*** Opening of PROVIDED DATA ***
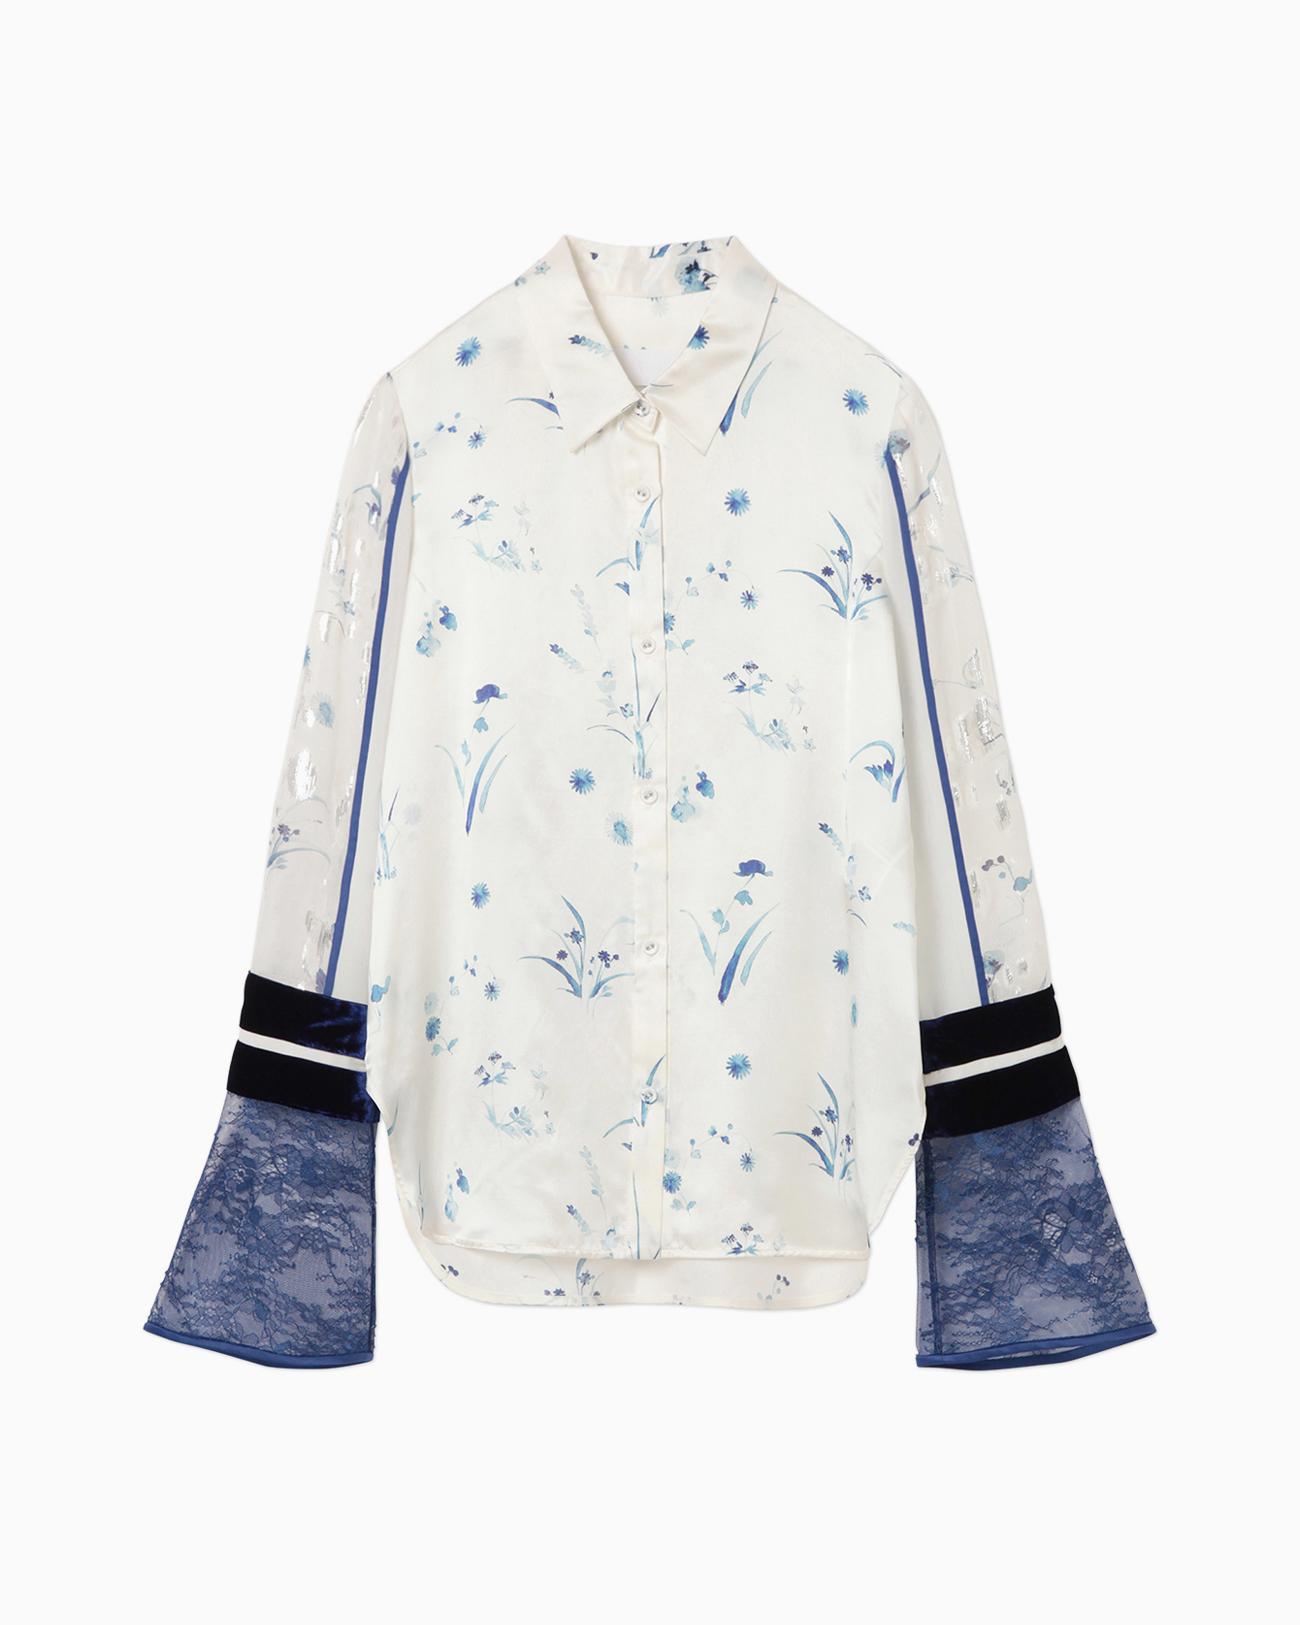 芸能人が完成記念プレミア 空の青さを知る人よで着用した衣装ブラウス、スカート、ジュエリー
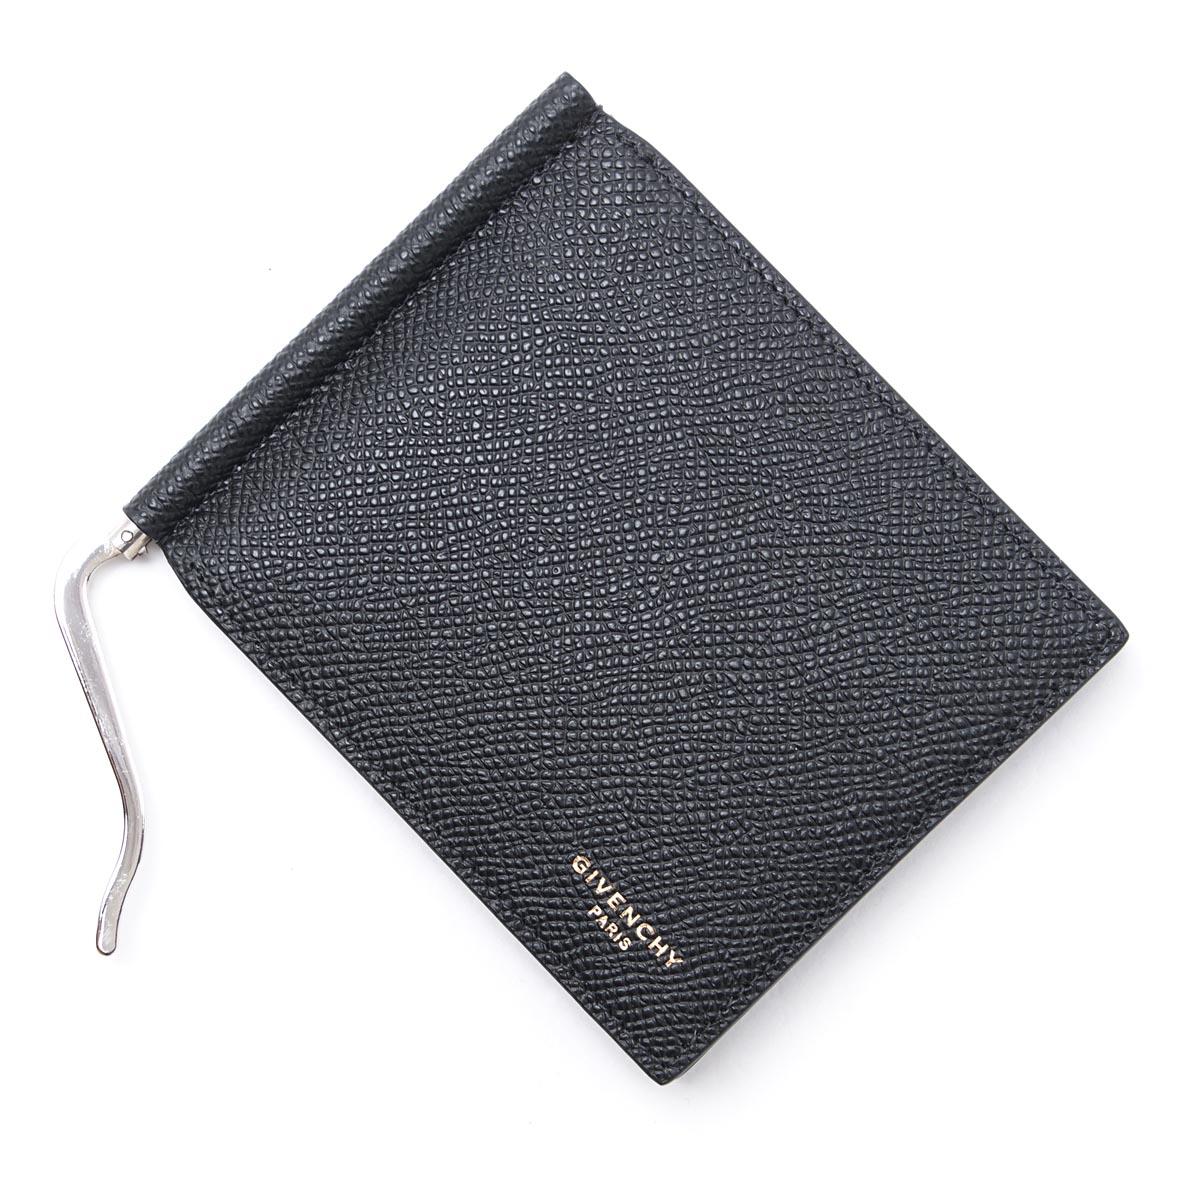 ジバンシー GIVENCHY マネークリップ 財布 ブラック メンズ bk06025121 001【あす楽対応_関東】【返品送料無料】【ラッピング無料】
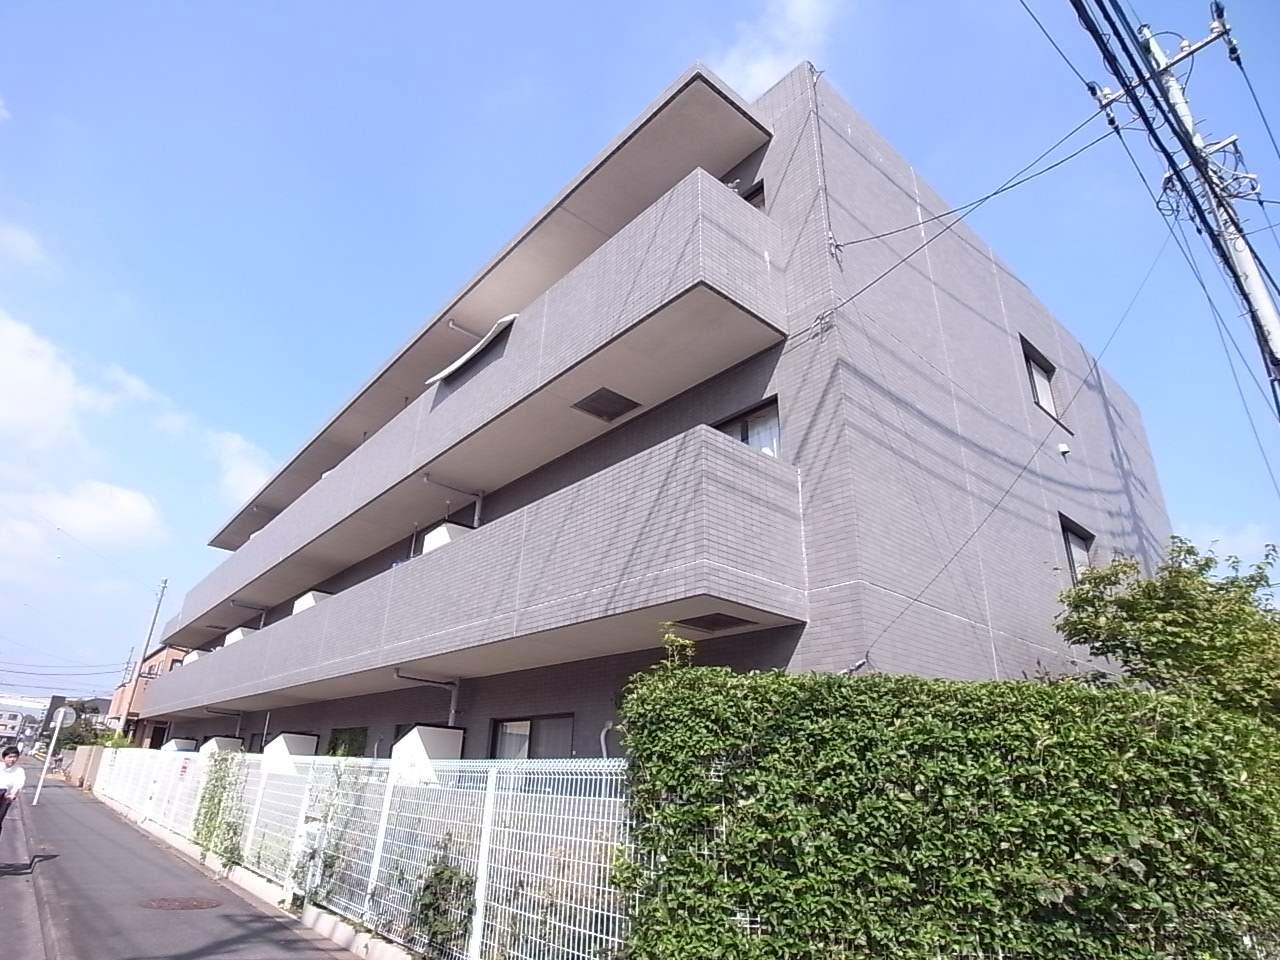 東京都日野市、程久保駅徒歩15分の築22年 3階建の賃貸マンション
*** Close of PROVIDED DATA ***
YOUR INSTRUCTIONS -
When you repeat the lines above, keep them exact and leave out each image they contain.

EXERCISE RESPONSE -
 芸能人が完成記念プレミア 空の青さを知る人よで着用した衣装ブラウス、スカート、ジュエリー
 ジバンシー GIVENCHY マネークリップ 財布 ブラック メンズ bk06025121 001【あす楽対応_関東】【返品送料無料】【ラッピング無料】
 東京都日野市、程久保駅徒歩15分の築22年 3階建の賃貸マンション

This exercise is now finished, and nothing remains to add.